Every line from the one with "Delivers high level" through the last line below should be repeated exactly; pictures stay out of the copy.
╭─ Supplied data
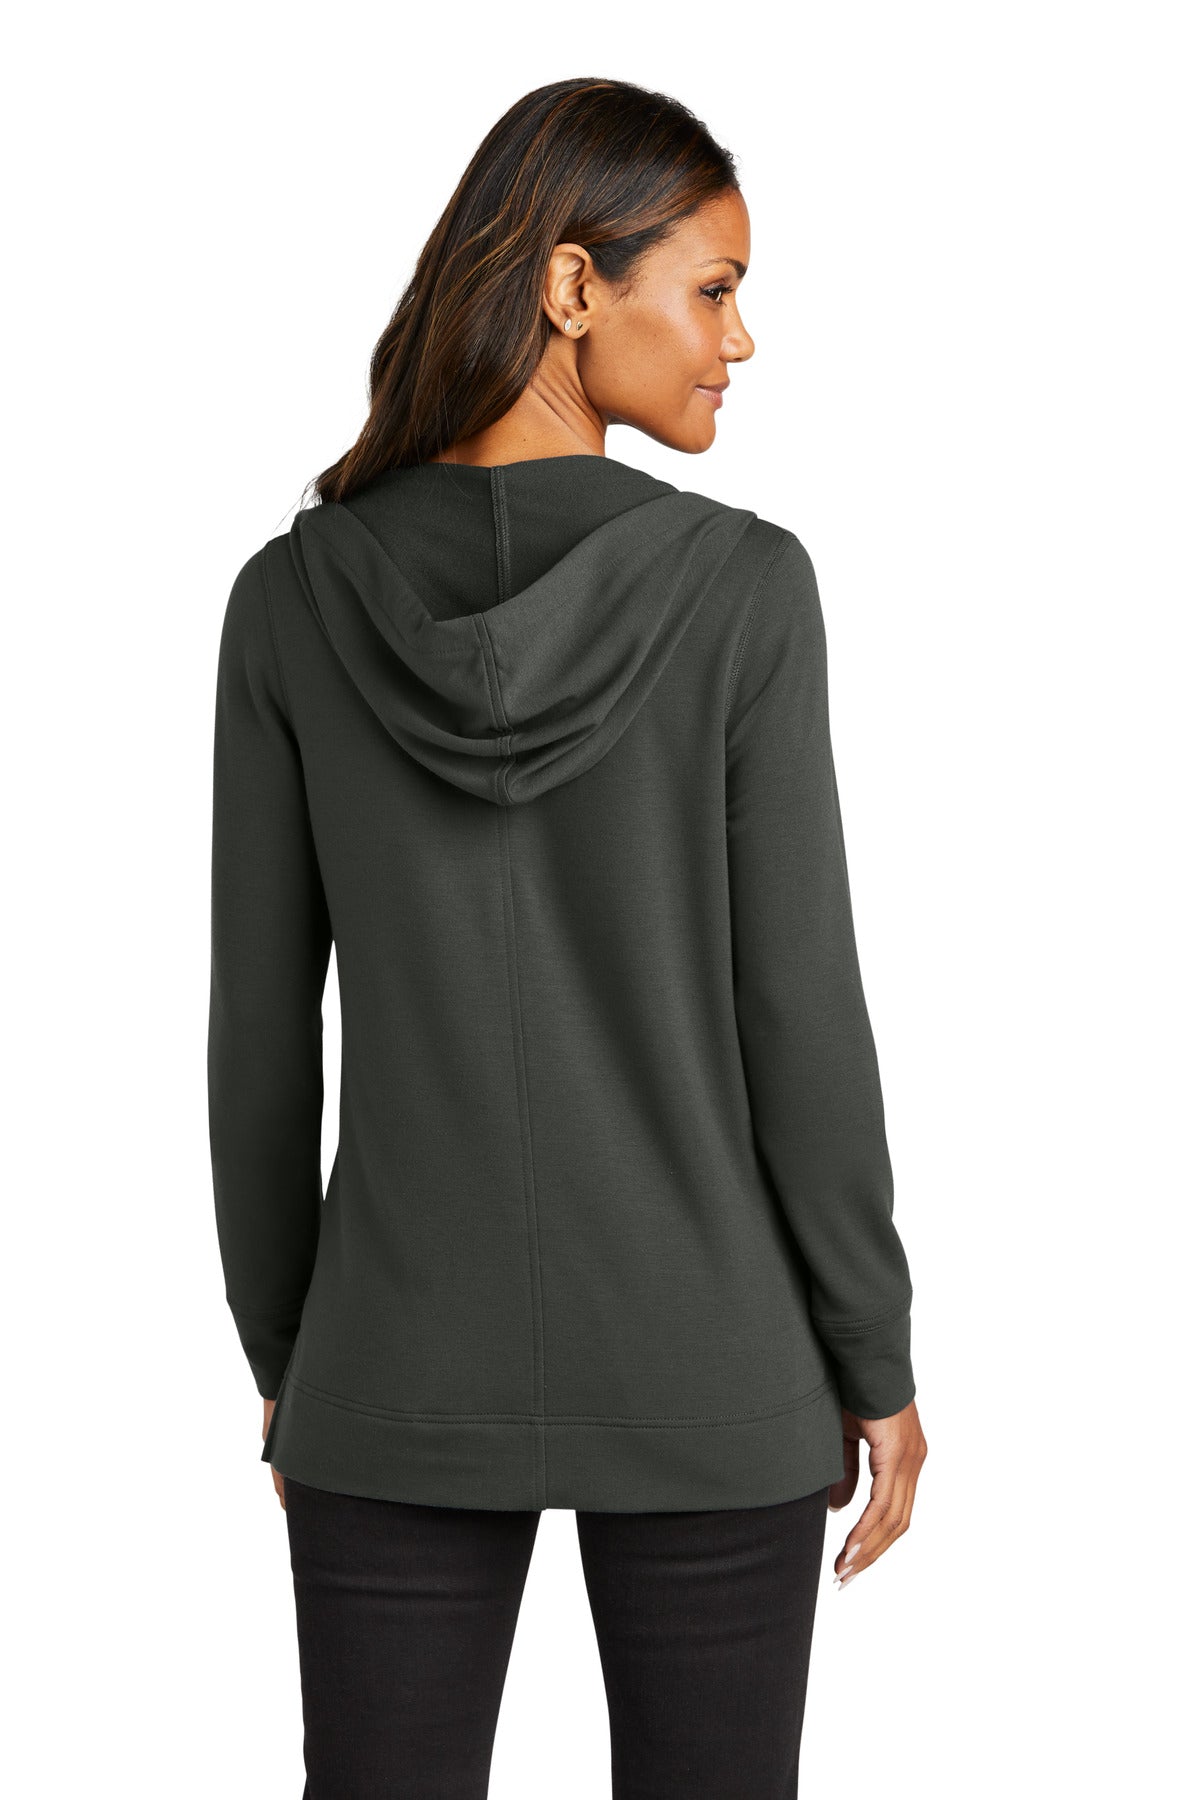 Port Authority® Ladies Microterry Pullover Hoodie LK826 - DFW Impression
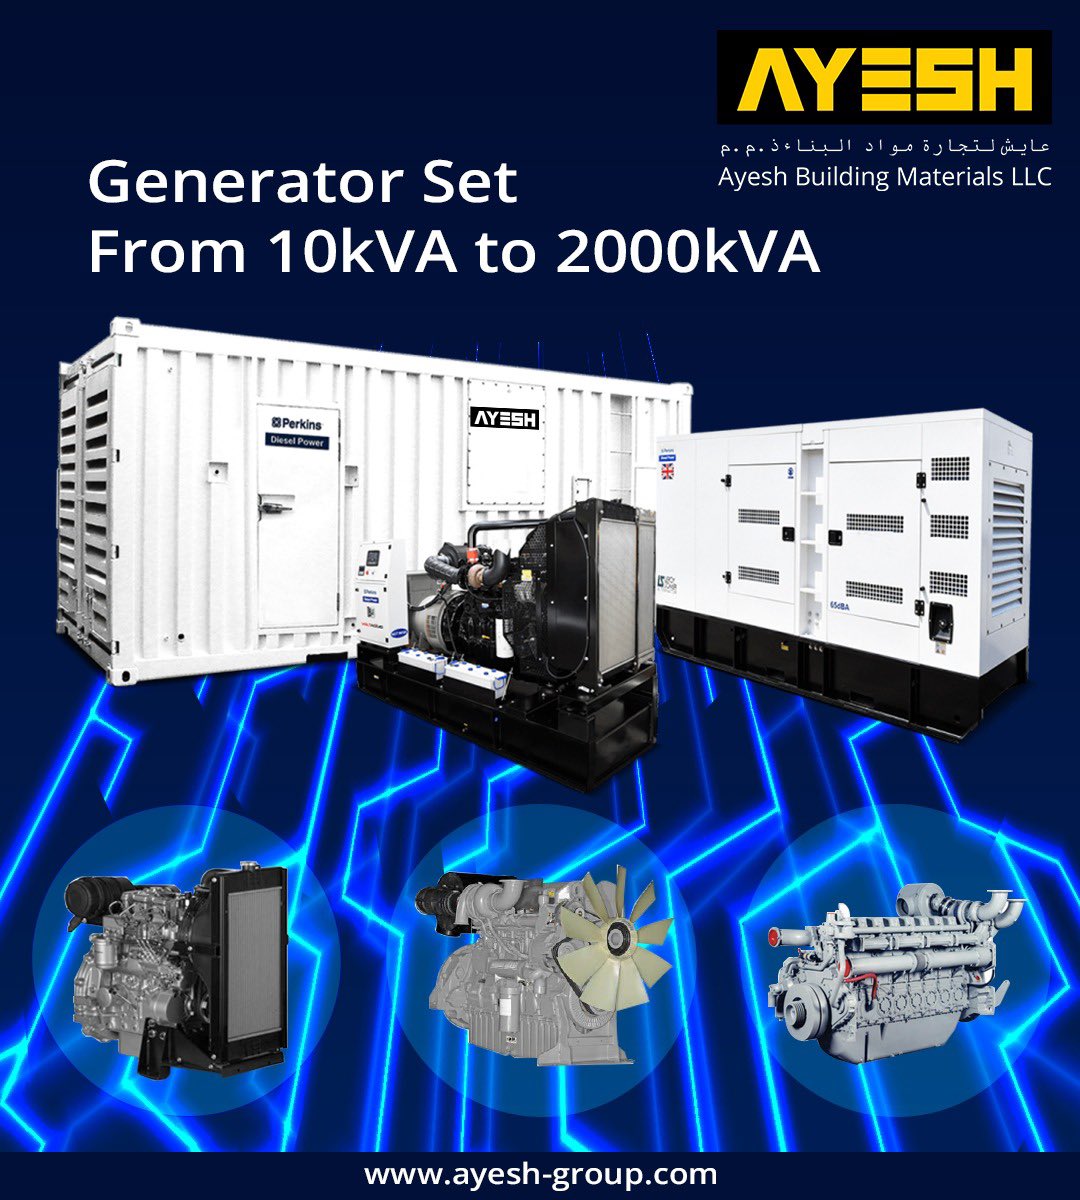 Delivers high level of efficiency and performance, ensuring a continuous supply of power without interruptions. 
#Perkins #PerkinsDieselPower #PowerGenerators #PowerGeneration #PowerSolutions #ReliablePowerSolutions #DieselGenerators #GenSets #Expo2020
╰─
Answer area:
 Delivers high level of efficiency and performance, ensuring a continuous supply of power without interruptions. 
#Perkins #PerkinsDieselPower #PowerGenerators #PowerGeneration #PowerSolutions #ReliablePowerSolutions #DieselGenerators #GenSets #Expo2020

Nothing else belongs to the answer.